Of course, now that I think about it, we got some bright sunshine on Wednesday, when the fourth/fifth grade class had an outing. The sixth/seventh grade was closed so that their teacher could submit some paperwork in Riobamba, so there was nothing better for me to do than to go out with the fourth/fifth grade. They were hiking down to the hacienda, where there is a reserve tank for the irrigation water, to go swimming. Not exactly the old water hole, but surprisingly close. We took the route that I found so terrifying initially, and I have to say that I’m getting better at it. It’s still scary, but nowhere near as much. And then we went off that route, down a much steeper (but less open) trail to the water tank. I confess that I didn’t go swimming, having left my shorts back at the house like a Village school student. Of course, the water does give me pause, as well. I don’t like to think what it would do to my gastrointestinal system if I swallowed any of it, and being the swimmer that I am, I’m pretty sure I’d swallow some. But it was fun to watch the kids who could swim splash around, and the kids who couldn’t try to learn. And almost all of them did try to learn—some by holding on to balls as floats, others by being hauled around on ropes held by bigger kids. There was also some leaping from the high ground above the tank. I gave that a look—I’m not sure I could make myself do it, but I’ll have a chance to find out when the sixth/seventh grade makes this trip in a week or two.

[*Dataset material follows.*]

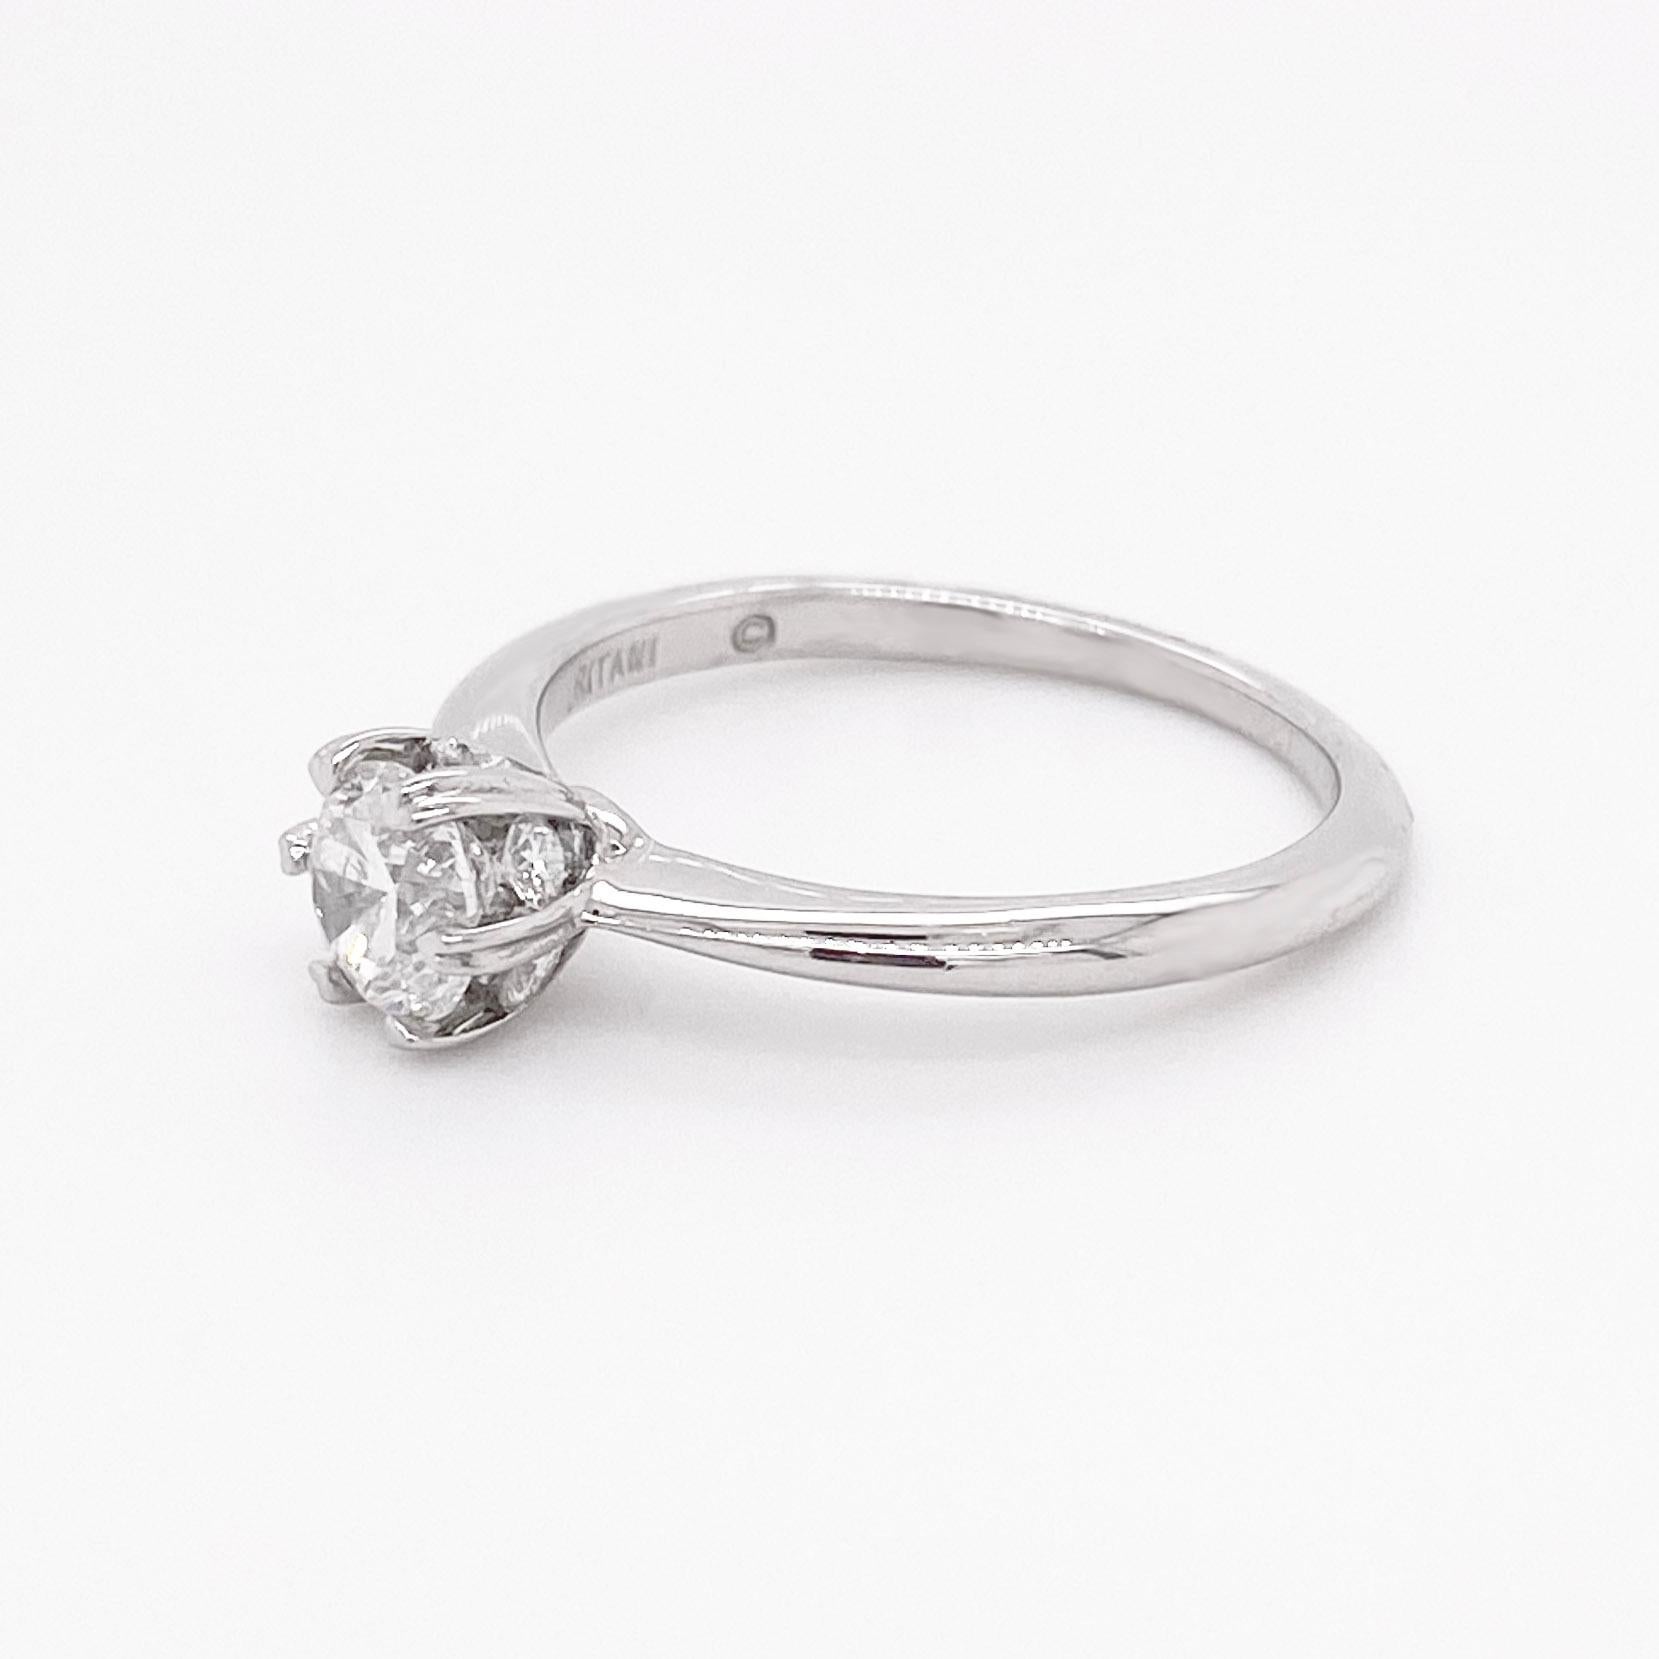 60 carat diamond ring price

Another odd thing is the proliferation of some impressively large beetles in the plaza. With a little luck, pictures are attached. They are called Catu, and, unless my biology skills totally fail me, they seem to be built only for sexual reproduction. They’re much too awkward for anything else. The long forearms on the male beetles, which is what I believe I have in the picture, lock on to whatever they come into contact with. I assume they’re for grasping the female, which is almost as big, but doesn’t have the impressive rhino horn or long arms. I’d like to smuggle one back for Professor E.S. of Kutztown University, but I hope he can make do with this picture. As I understand it, by Carneval (Mardi Gras to you New Orleanians) the plaza will be covered with these things, a happy side effect of the rainy season.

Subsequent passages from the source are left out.